At such moments something resembling happiness actually stirs in your chest, but it isn’t the sort of emotion you want to lean on very hard. In solo climbing the whole enterprise is held together with little more than chutzpah, not the most reliable adhesive. Late in the day on the north face of the Thumb, I felt the glue disintegrate with a swing of an ice ax.

I’d gained nearly seven hundred feet of altitude since stepping off the hanging glacier, all of it on crampon front points and the picks of my axes. The ribbon of frozen meltwater had ended three hundred feet up and was followed by a crumbly armor of frost feathers. Though just barely substantial enough to support body weight, the rime was plastered over the rock to a thickness of two or three feet, so I kept plugging upward. The wall, however, had been growing imperceptibly steeper, and as it did so, the frost feathers became thinner. I’d fallen into a slow, hypnotic rhythm-swing, swing; kick, kick; swing, swing; kick, kick- when my left ice ax slammed into a slab of diorite a few inches beneath the rime.

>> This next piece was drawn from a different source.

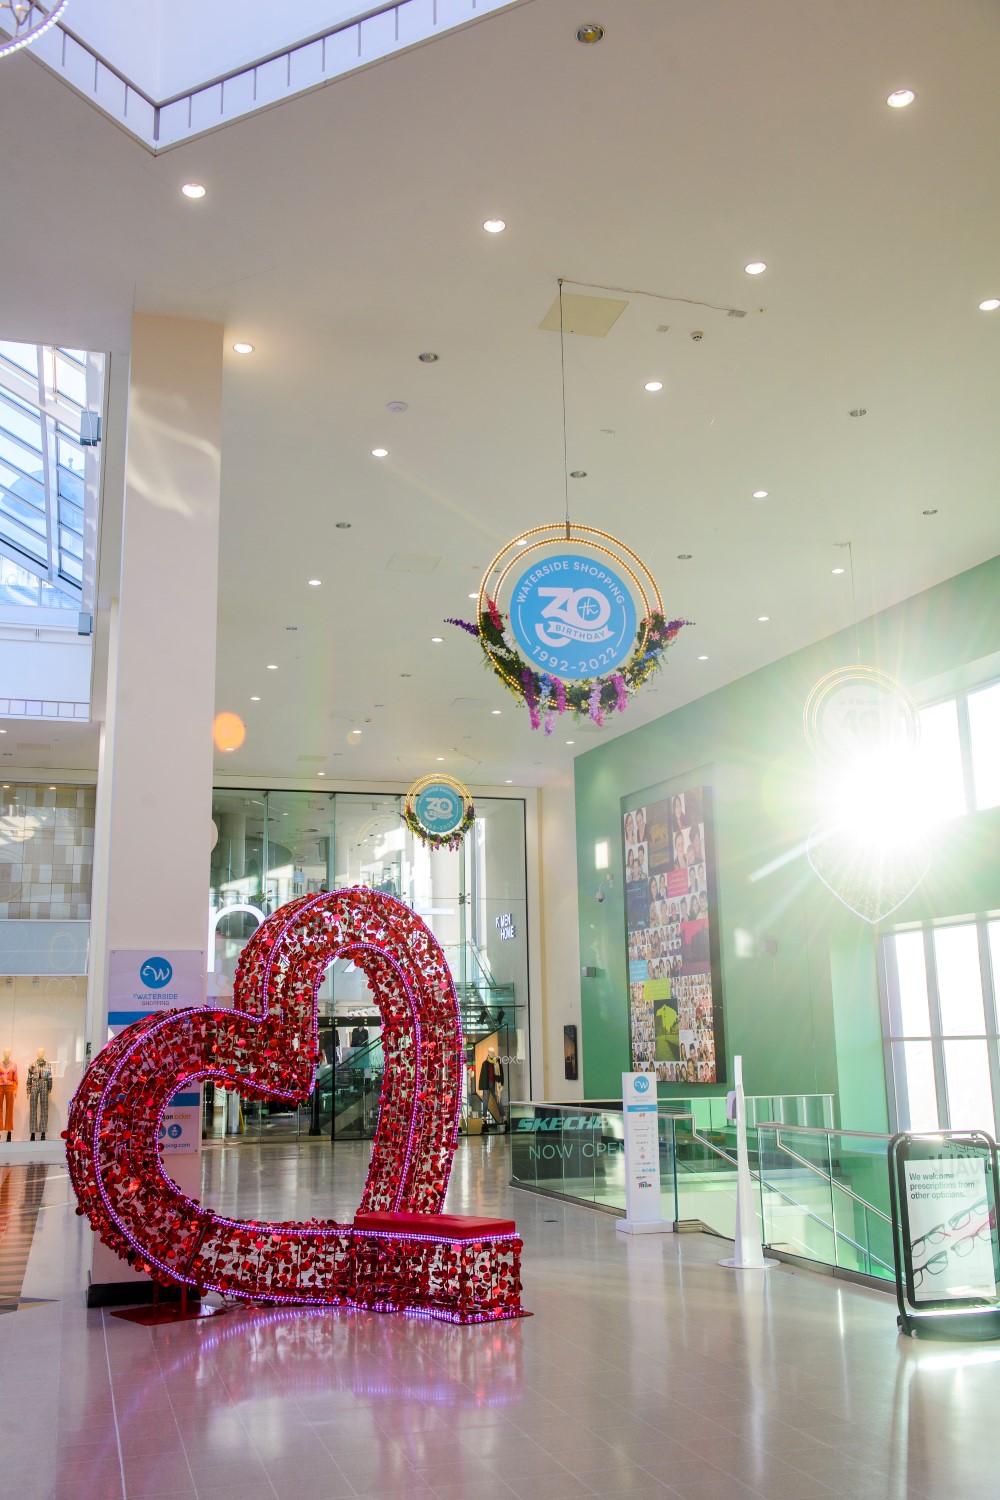 Heart seat by Fizzco Projects displayed in the Waterside Shopping Centre in Lincoln for the Shopping Centre's 30th anniversary.
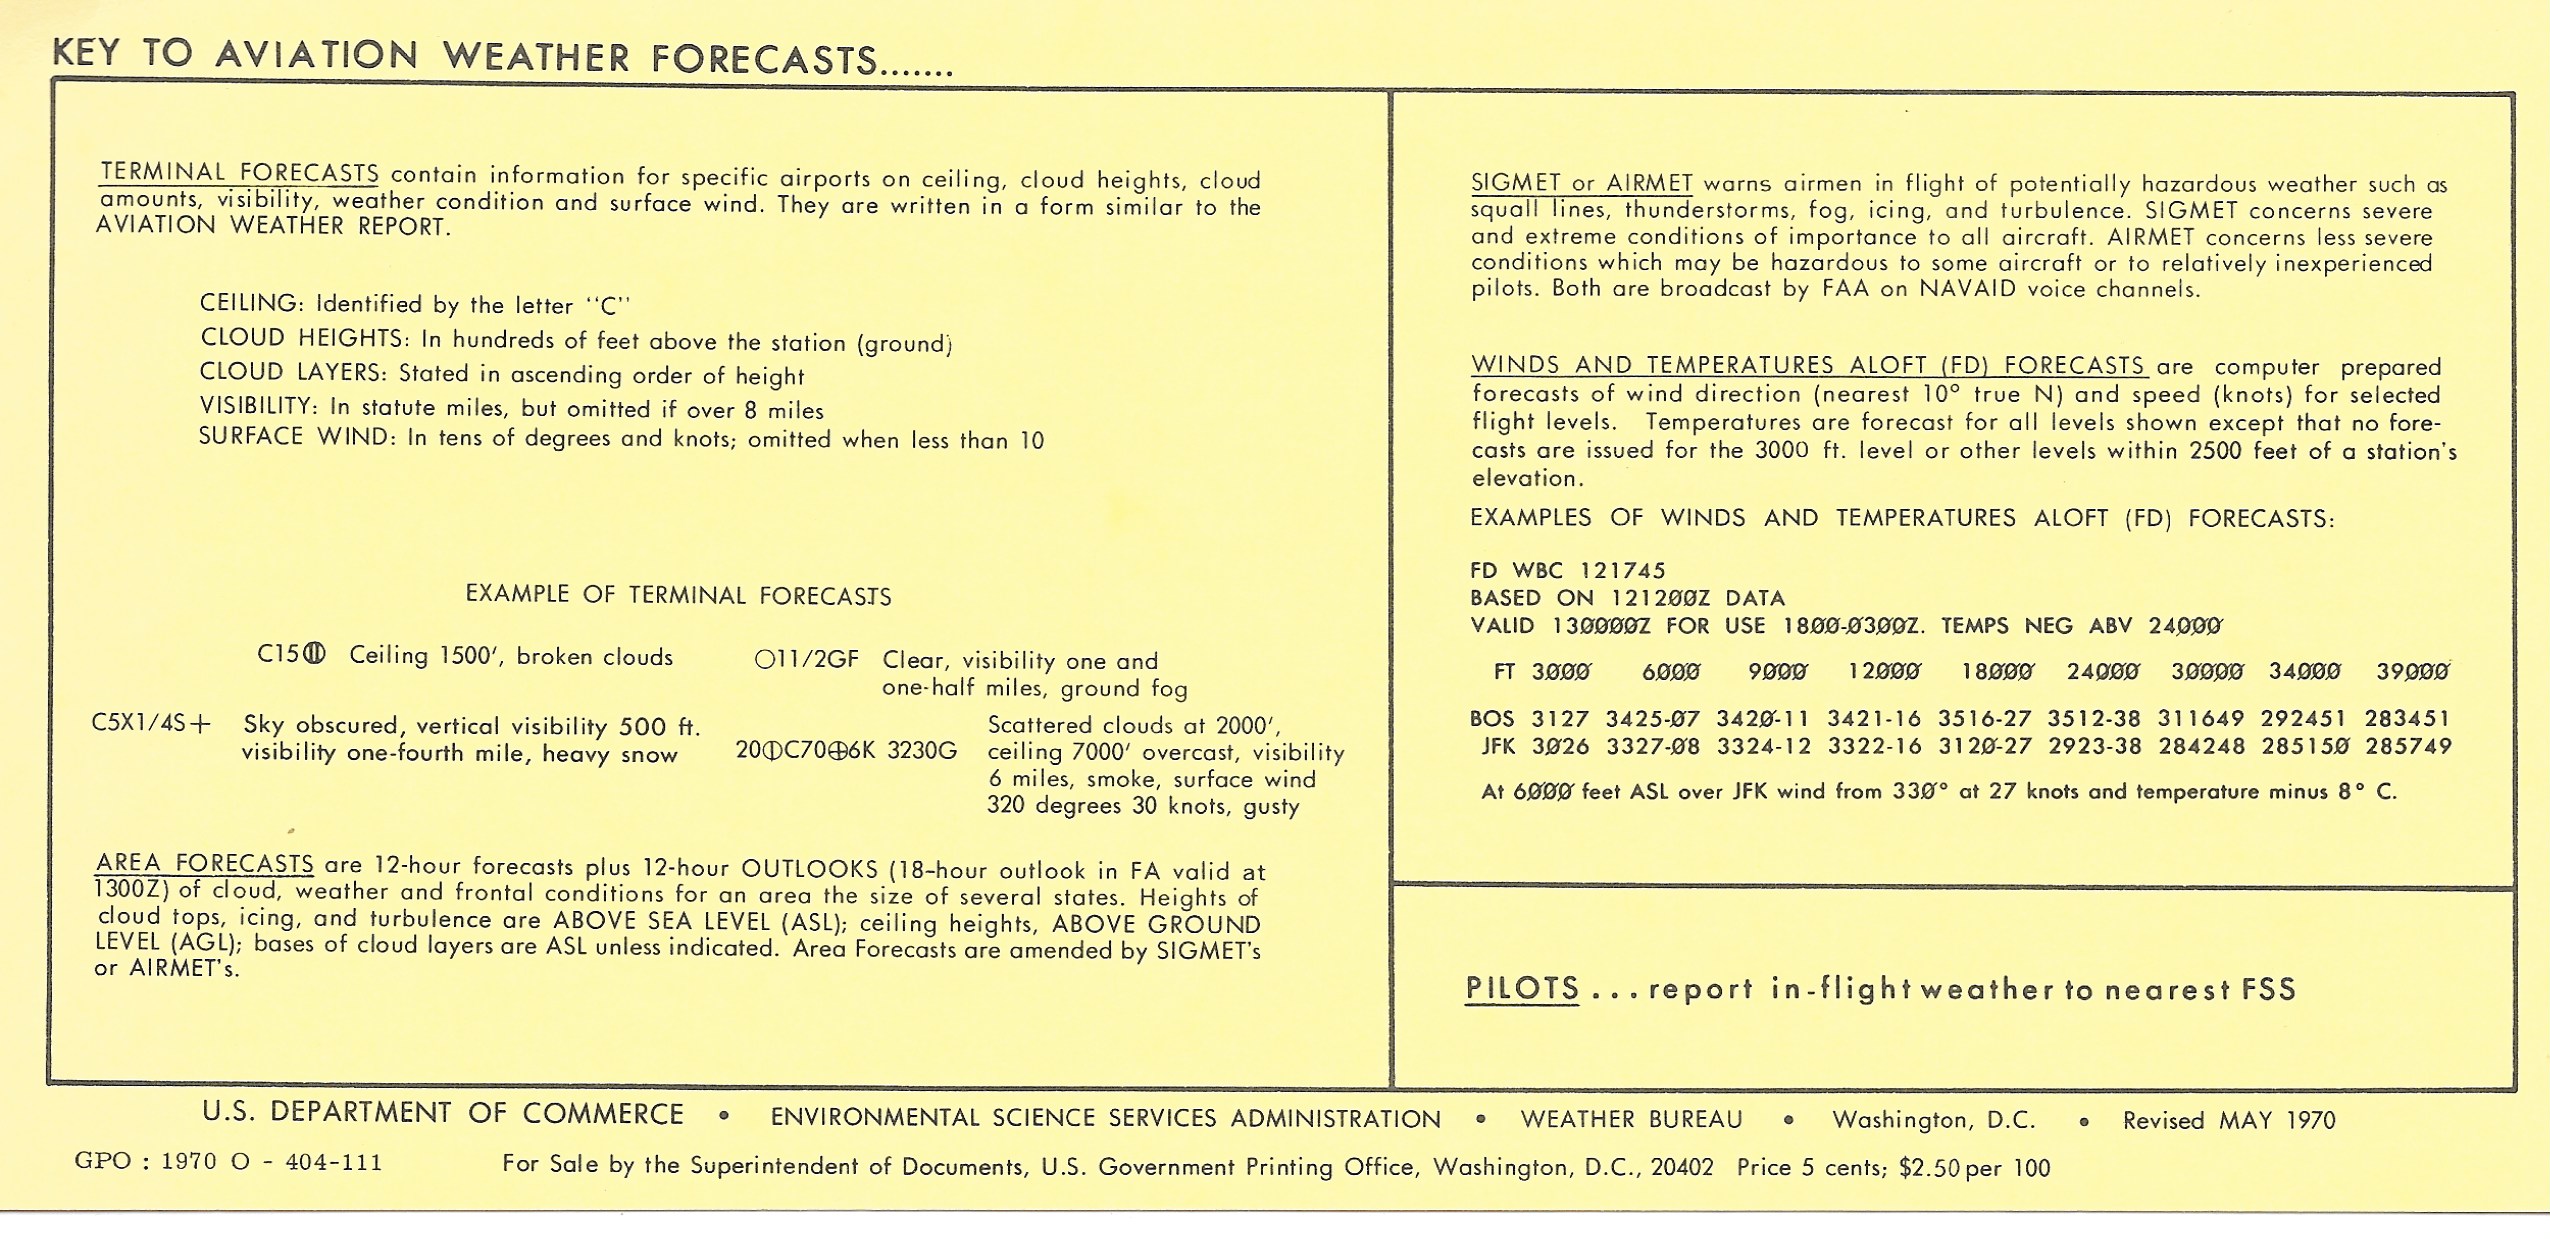 aviation weather report 1970 - back

I tried left, then right, but kept striking rock. The frost feathers holding me up, it became apparent, were maybe five inches thick and had the structural integrity of stale corn bread. Below was thirty-seven hundred feet of air, and I was balanced on a house of cards. The sour taste of panic rose in my throat. My eyesight blurred, I began to hyperventilate, my calves started to shake. I shuffled a few feet farther to the right, hoping to find thicker ice, but managed only to bend an ice ax on the rock.

Awkwardly, stiff with fear, I started working my way back down. The rime gradually thickened. After descending about eighty feet, I got back on reasonably solid ground. I stopped for a long time to let my nerves settle, then leaned back from my tools and stared up at the face above, searching for a hint of solid ice, for some variation in the underlying rock strata, for anything that would allow passage over the frosted slabs. I looked until my neck ached, but nothing appeared. The climb was over. The only place to go was down.